» Data excerpt:
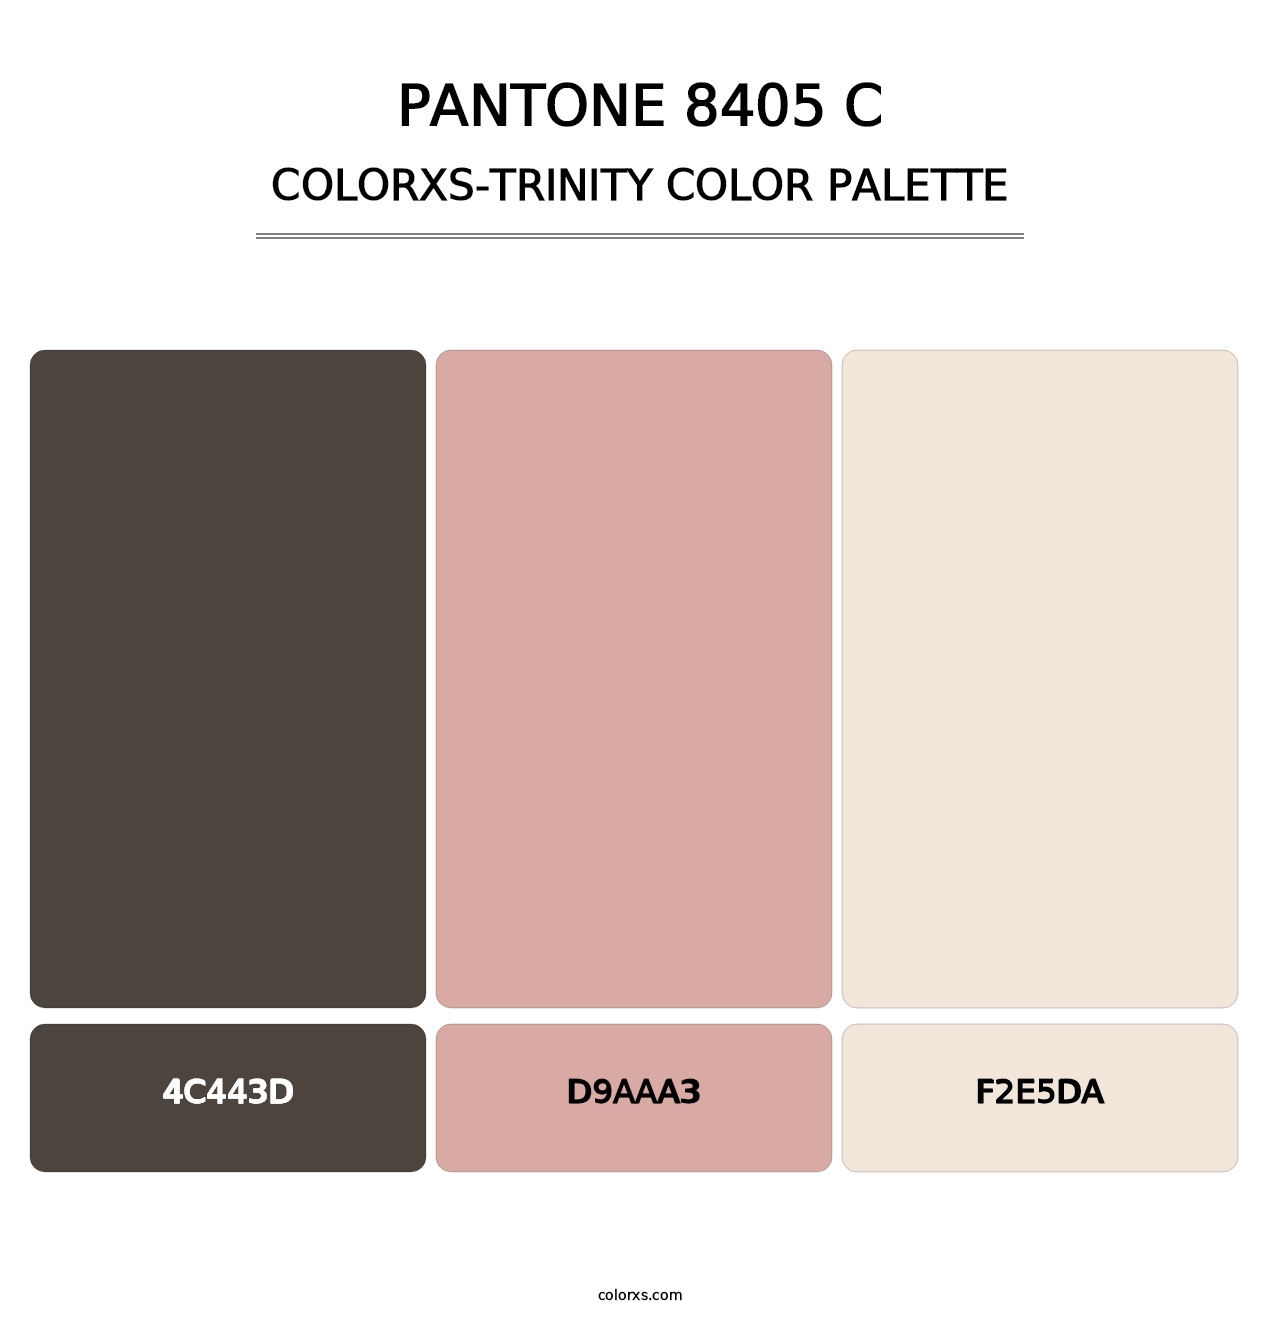 PANTONE 8405 C - Colorxs Trinity Palette
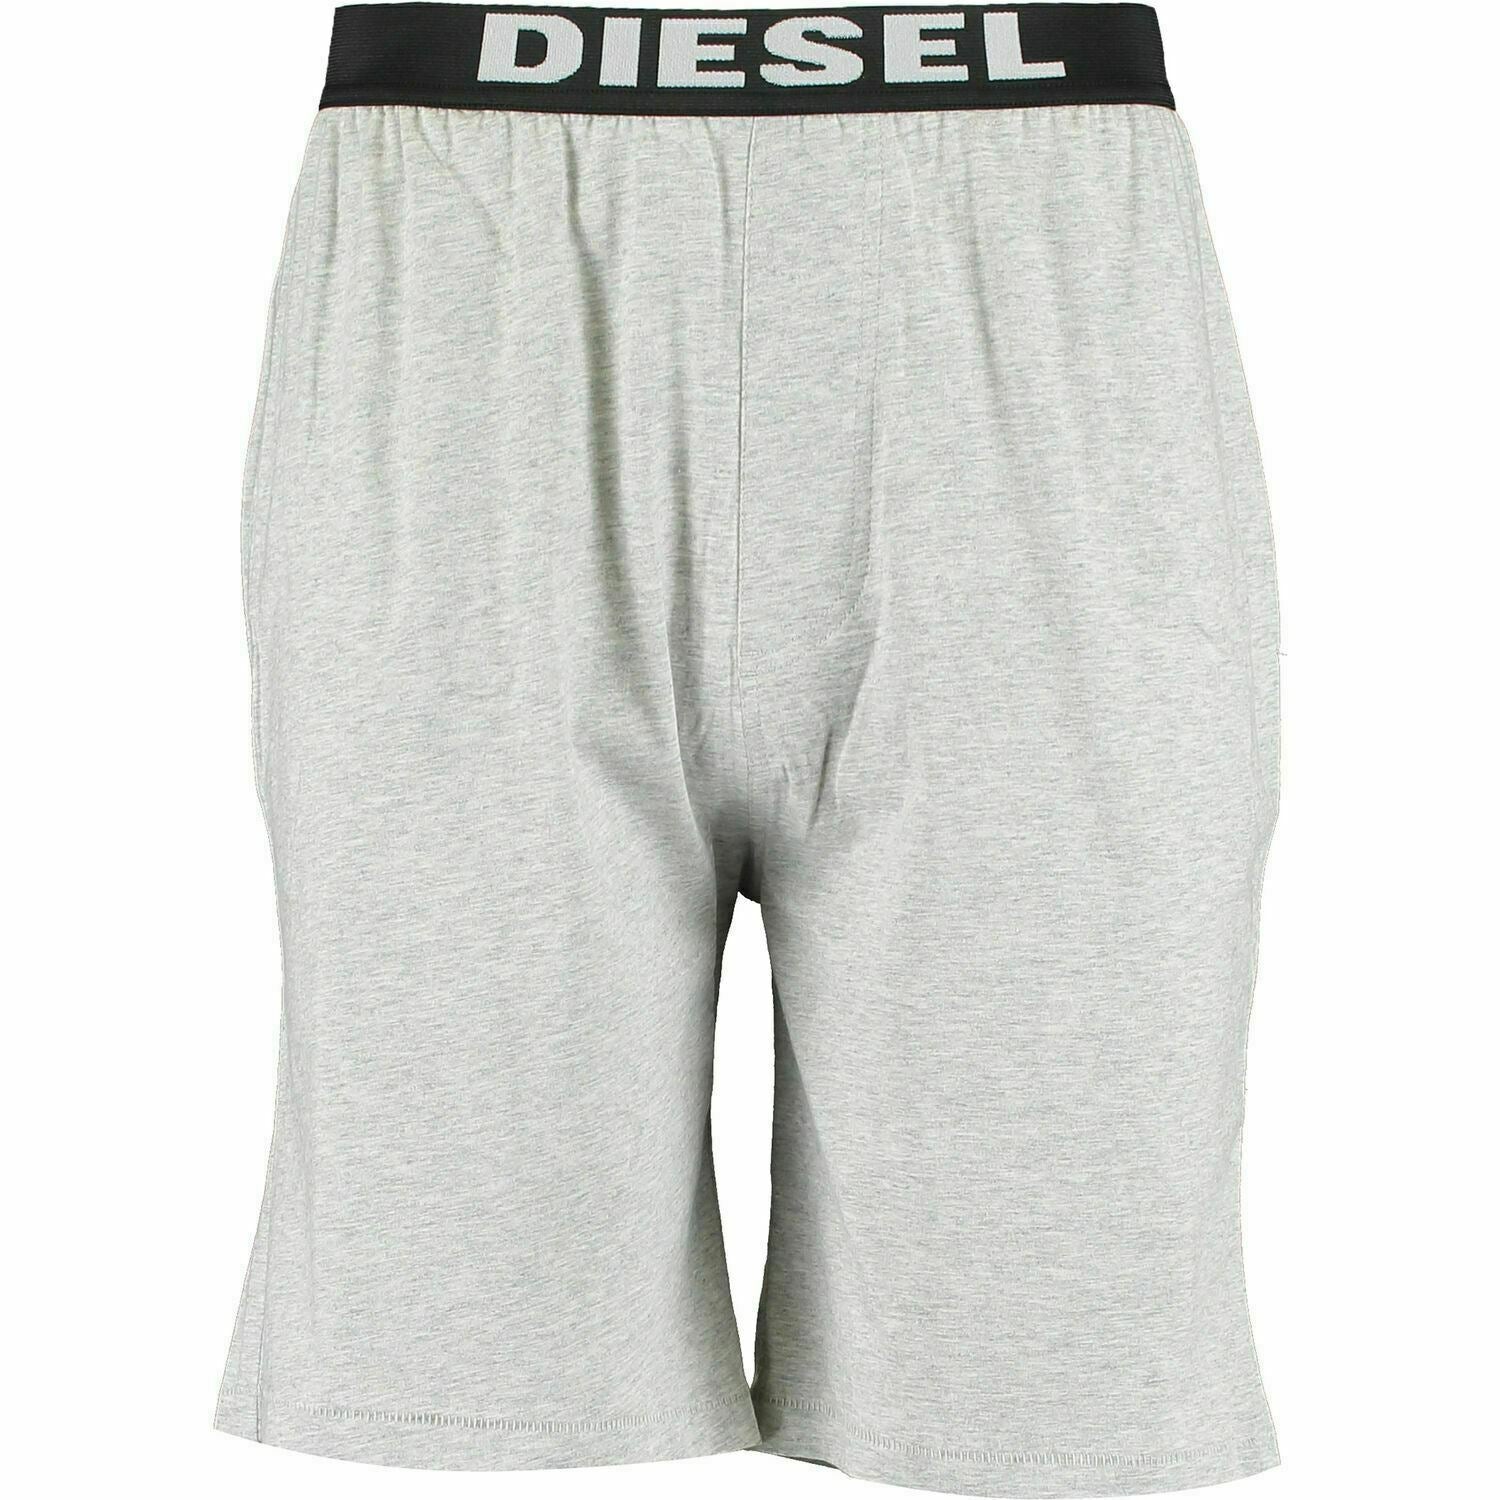 DIESEL Men's TOM Lounge Shorts, Light Grey, size SMALL
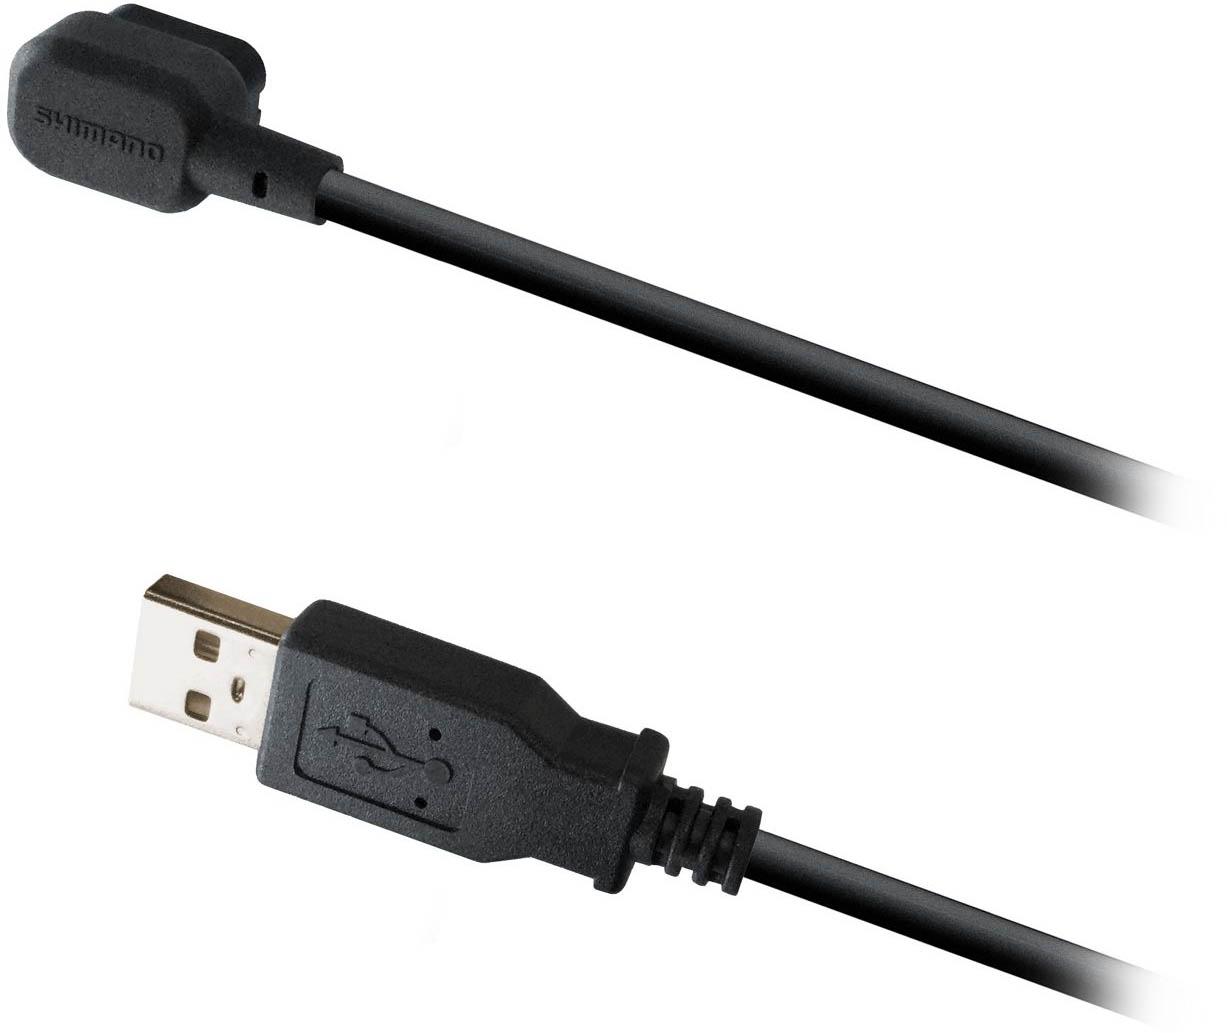 Shimano Ec300 Di2 Charging Cable  Black
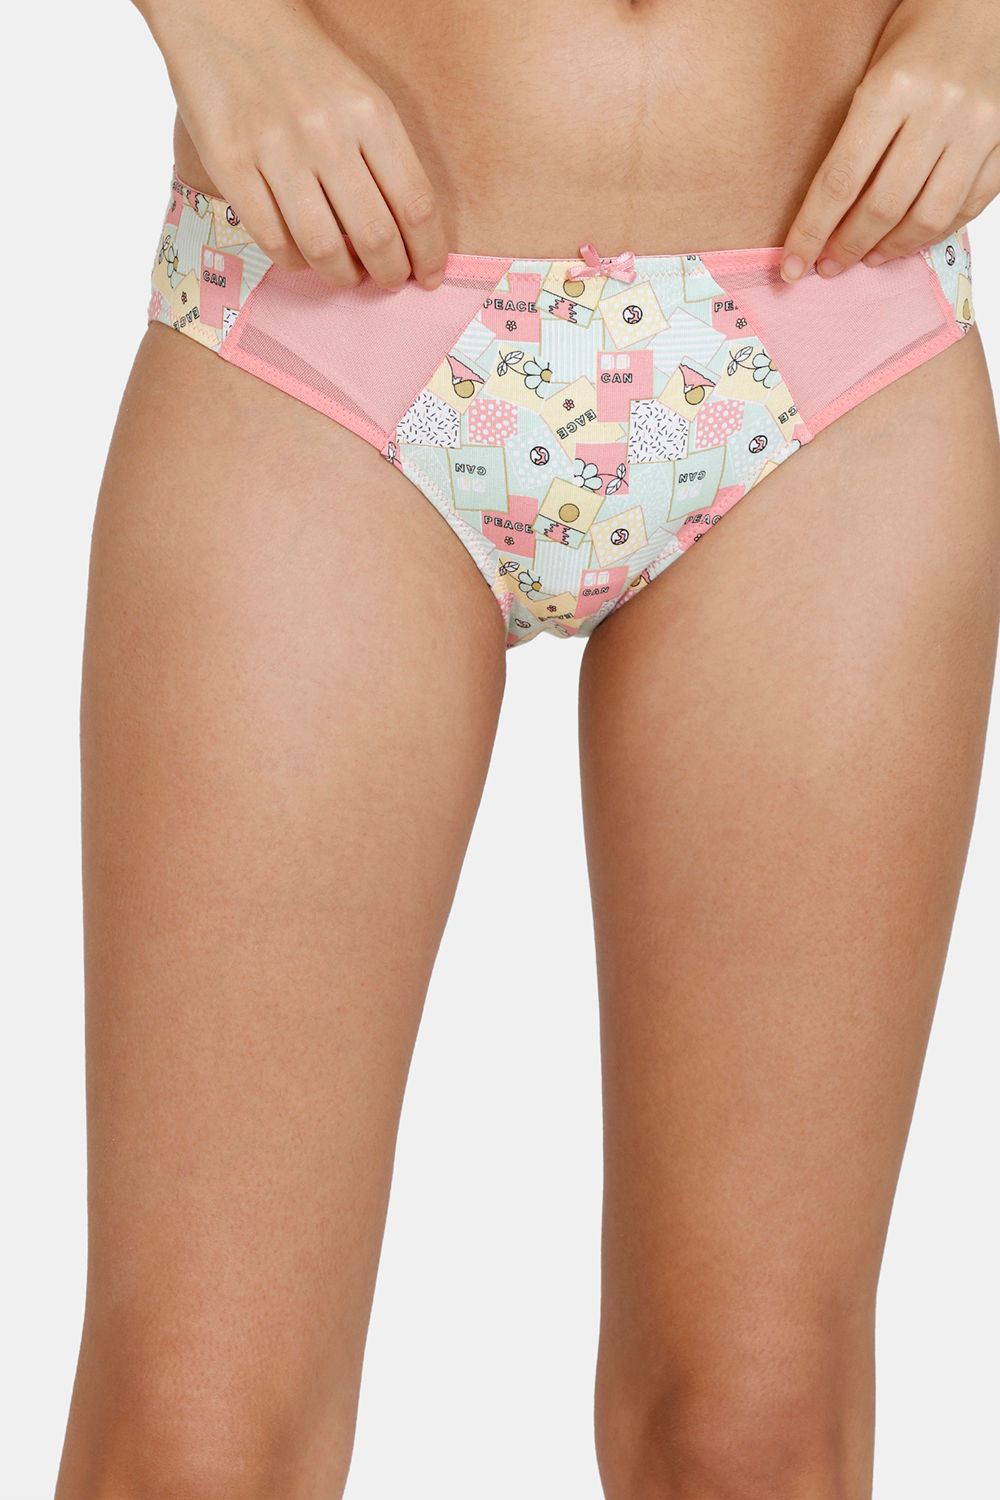 Buy VIKIMO Handmade Women's Non Padded Bra Panty Combo Pack of

» Your task: Give the data back exactly, omitting all pictures.

» Task answer:
 PANTONE 8405 C - Colorxs Trinity Palette
 DIESEL Men's TOM Lounge Shorts, Light Grey, size SMALL
 Shimano Ec300 Di2 Charging Cable  Black
 Buy VIKIMO Handmade Women's Non Padded Bra Panty Combo Pack of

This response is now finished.